Comment by Stefan Müller, IT innovation 5 Tips for modern data management with open source
15.12.2021By Stefan Müller
Rapid technological progress means that the amount of data produced worldwide is growing exponentially year after year. While the topic of data hardly played a role for most people two decades ago, today we are confronted with the question of who uses our data for what purpose and whether we want to give them permission for it. There is a simple reason why data plays such an important role today: anyone who has data can turn it into money in a variety of ways.
Related companies
The author: Stefan Müller is Director Big Data Analytics &IoT at IT-Novum
(Image: IT-Novum)
And this applies by far not only to the data collected on websites in order to gain information about visitors and their behavior, but to all data. All data generated within a company can be used to optimize processes and develop more effective business strategies. However, the mere access to the data is not enough to be able to benefit from them. They must be meaningfully aggregated and analyzed so that they can serve as a basis for decision-making.

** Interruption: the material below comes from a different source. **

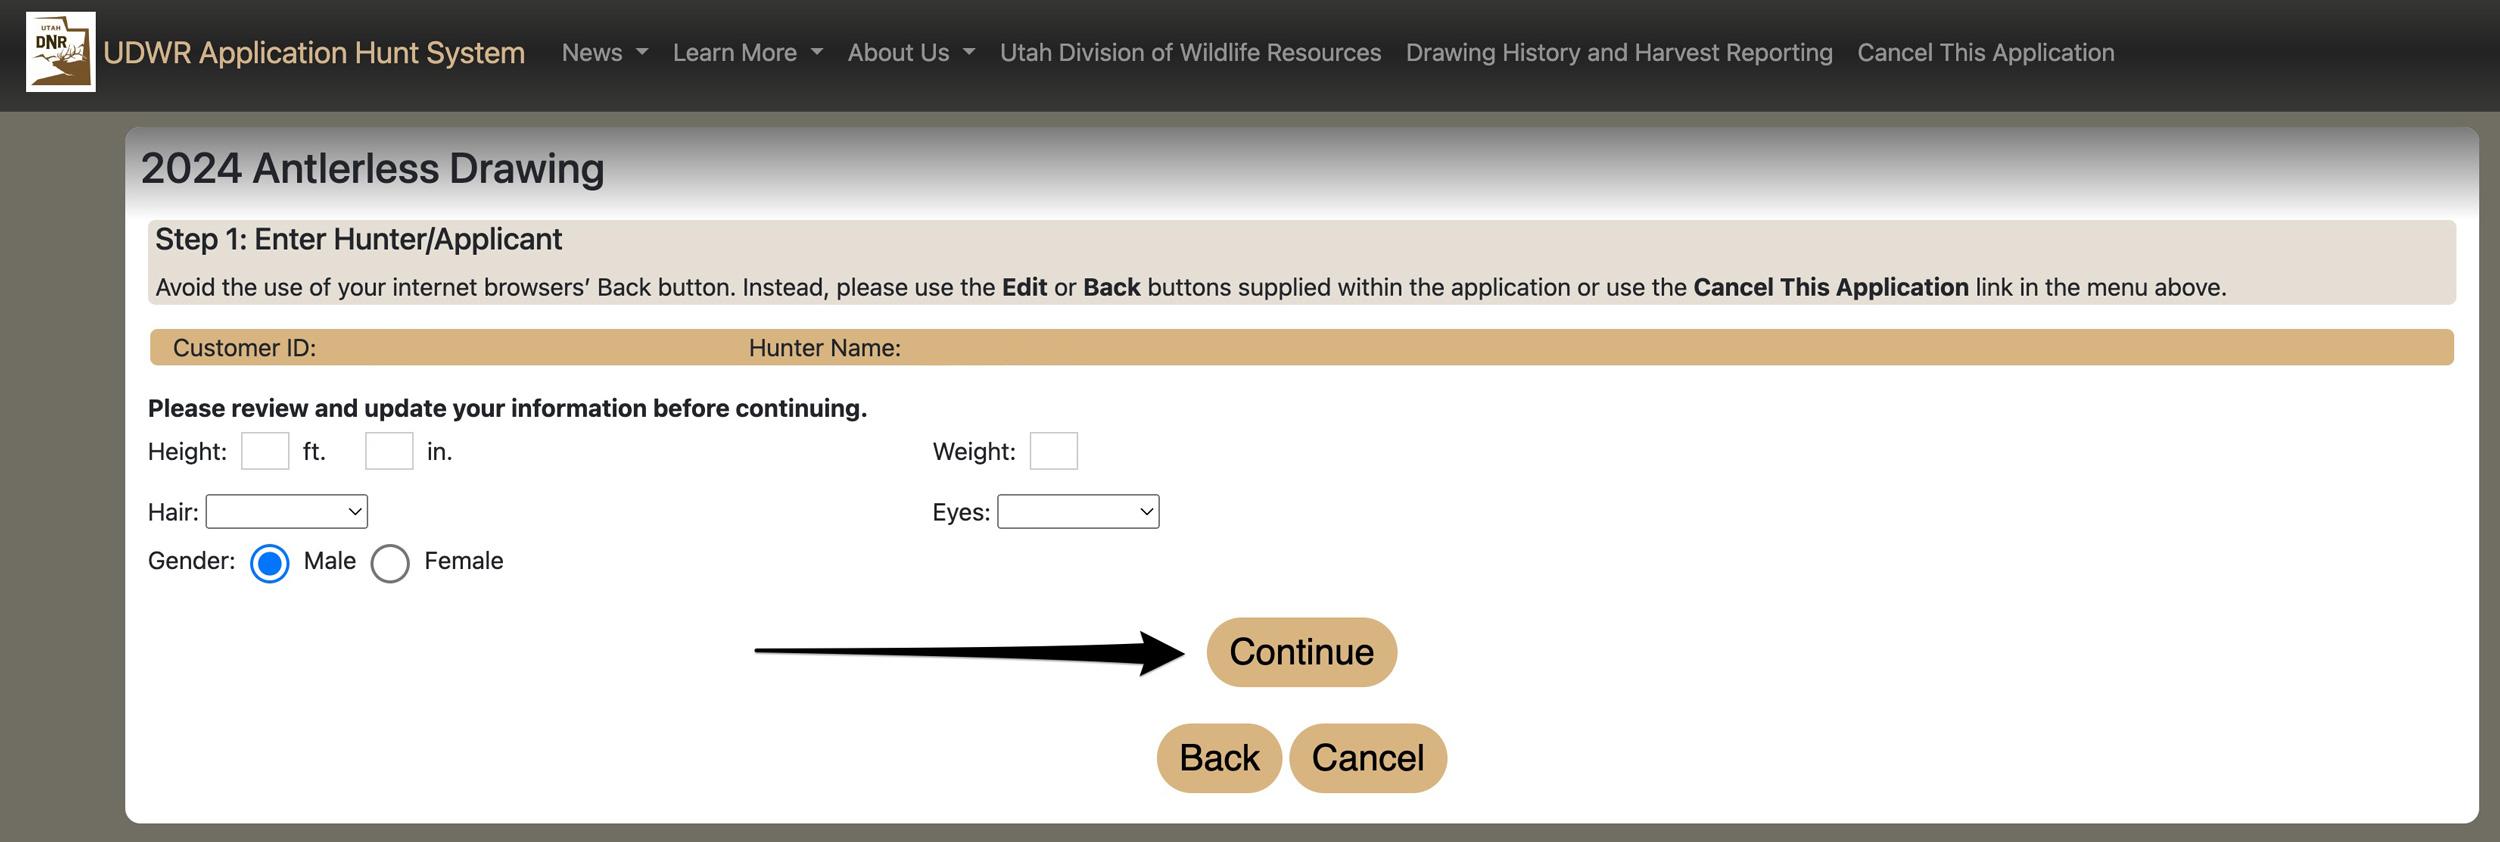 Verify height, hair, gender, eye color, and weight for Utah licensing account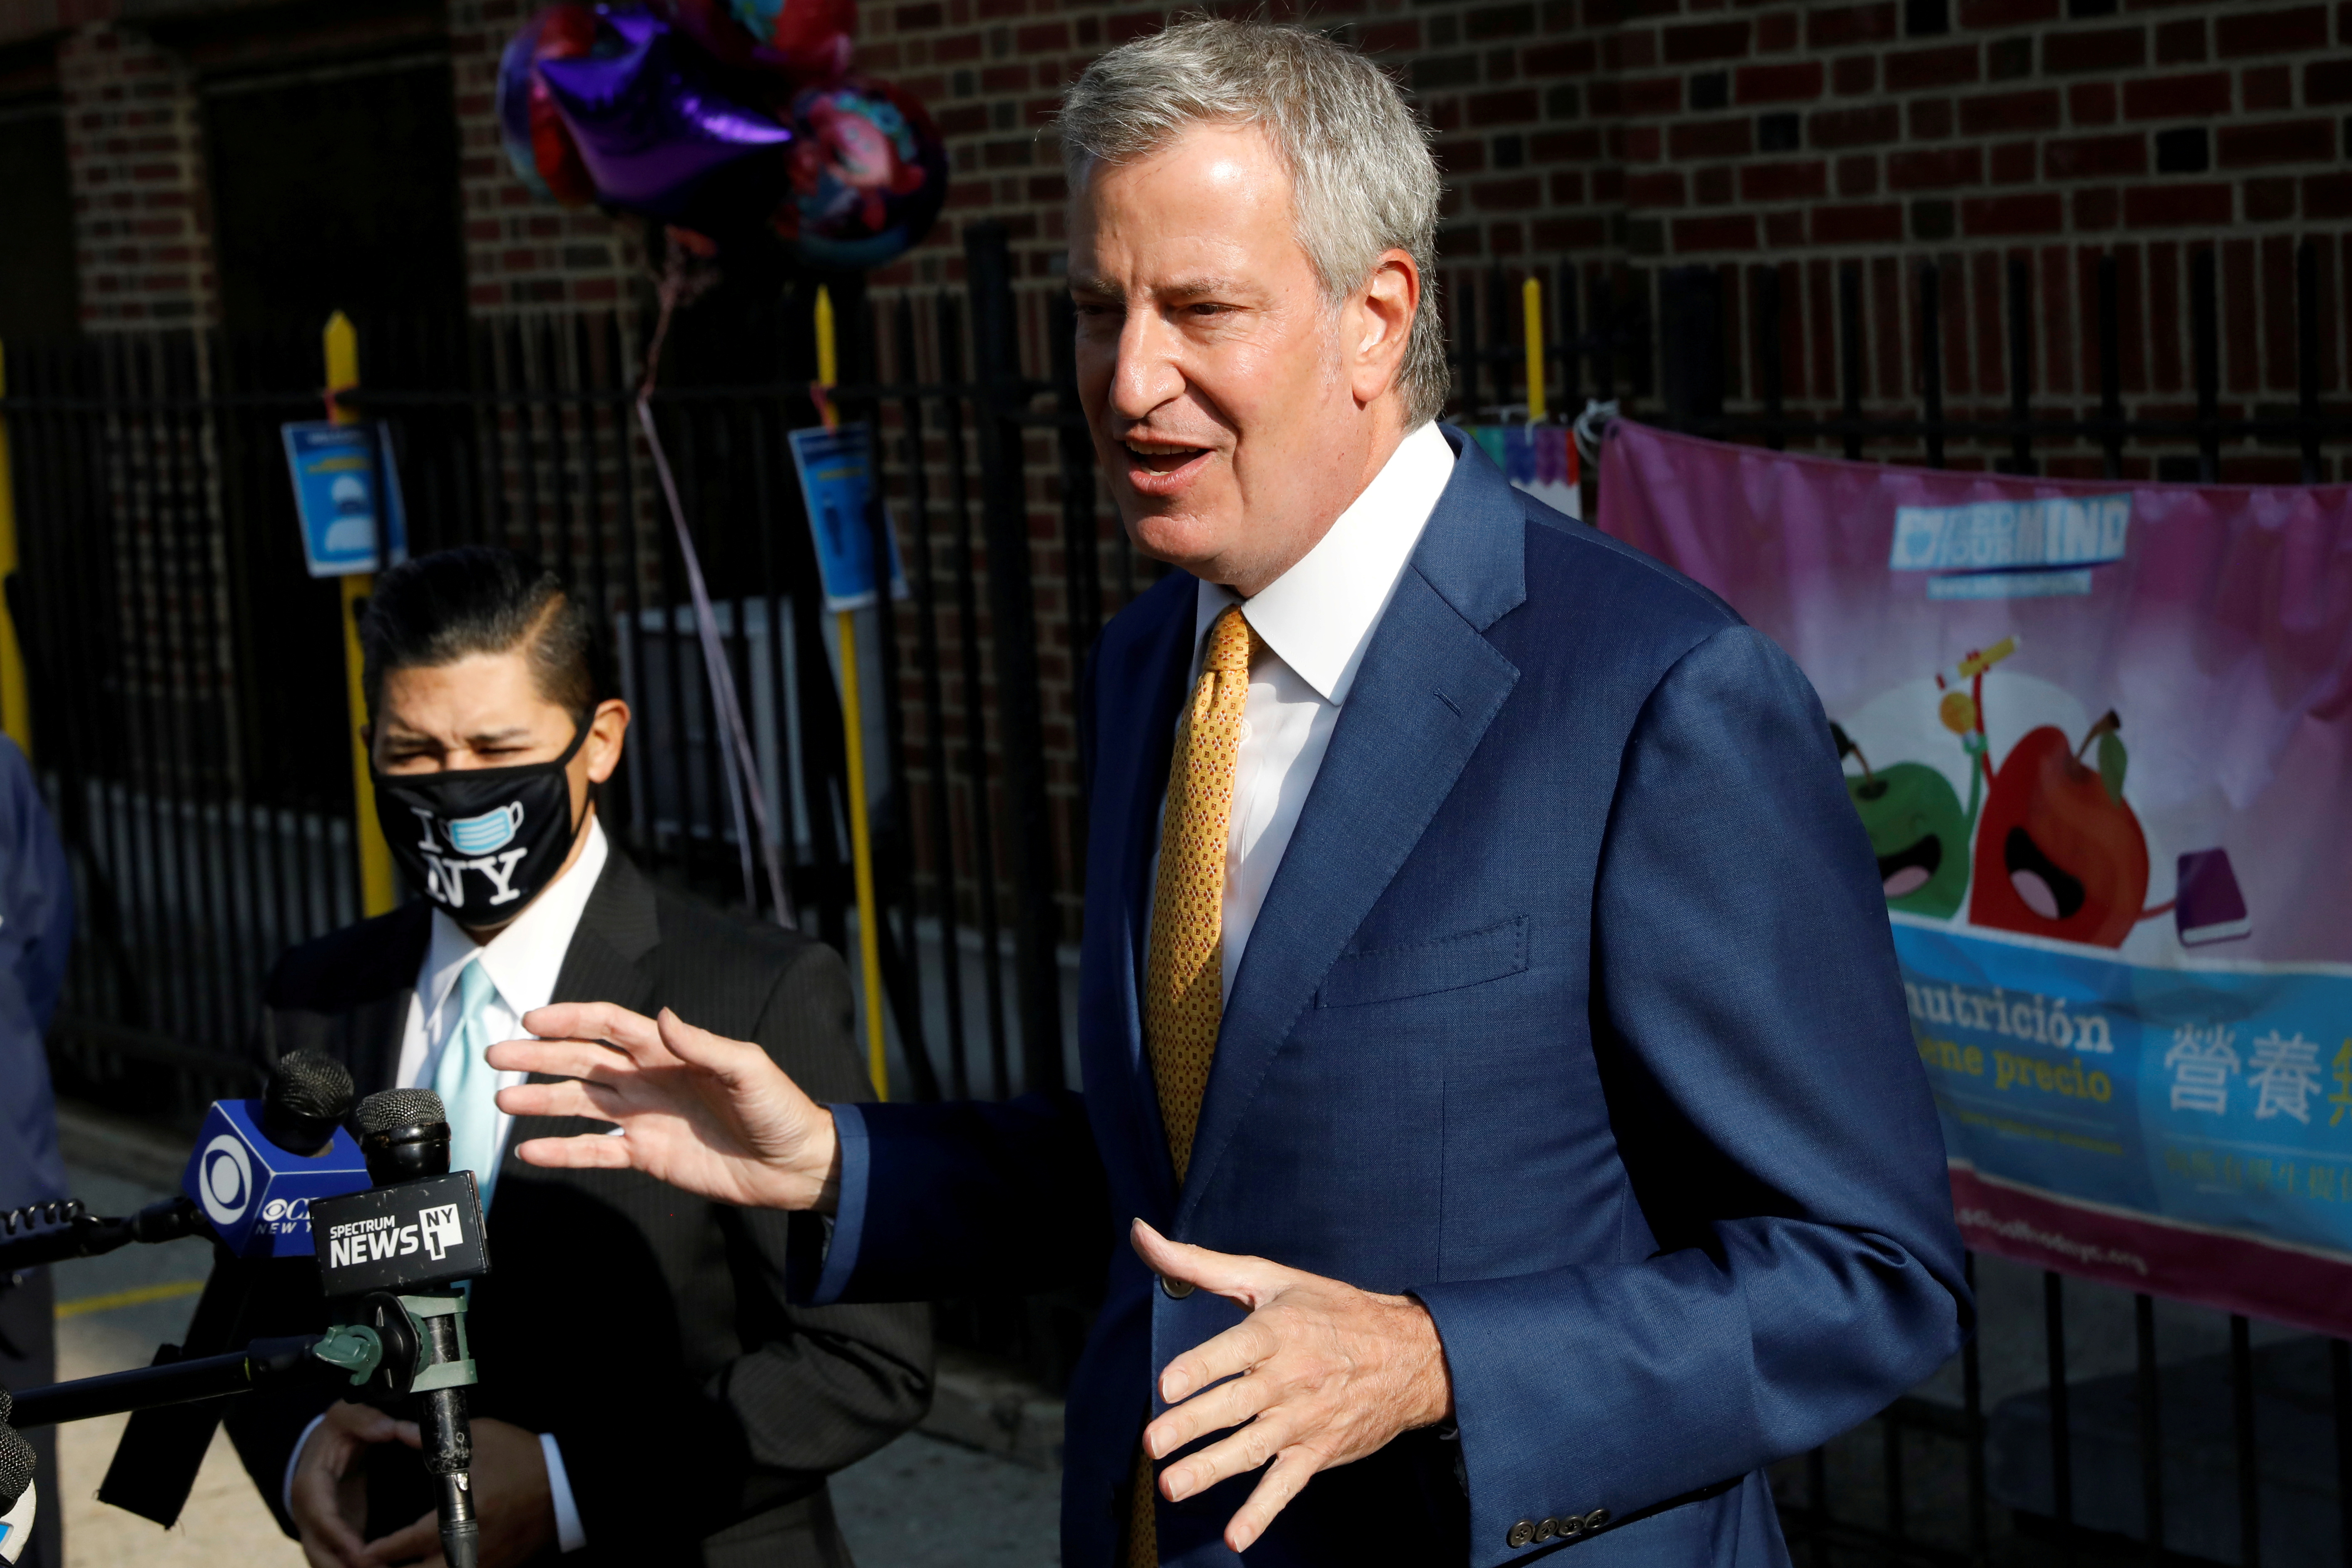 New York City Mayor Bill de Blasio, speaks during a news conference after greeting students for the first day of in-person pre-school following the outbreak of the coronavirus disease (COVID-19) in the Queens borough of New York City, U.S., September 21, 2020. REUTERS/Brendan McDermid

Many companies still have their problems with this. According to Veritas’ Databerg Report, 54 percent of company data is dark data. In other words, data that is floating around somewhere in the company, but cannot be used. There are various reasons for this: in 85 percent of cases, there is a lack of tools that allow access to dark data. Often, companies are not able to process data in good quality (66 percent) or they are simply overwhelmed with the existing amount of data (39 percent). The following five recommendations for action help companies to bring their data treasure to light with the help of modern open source solutions.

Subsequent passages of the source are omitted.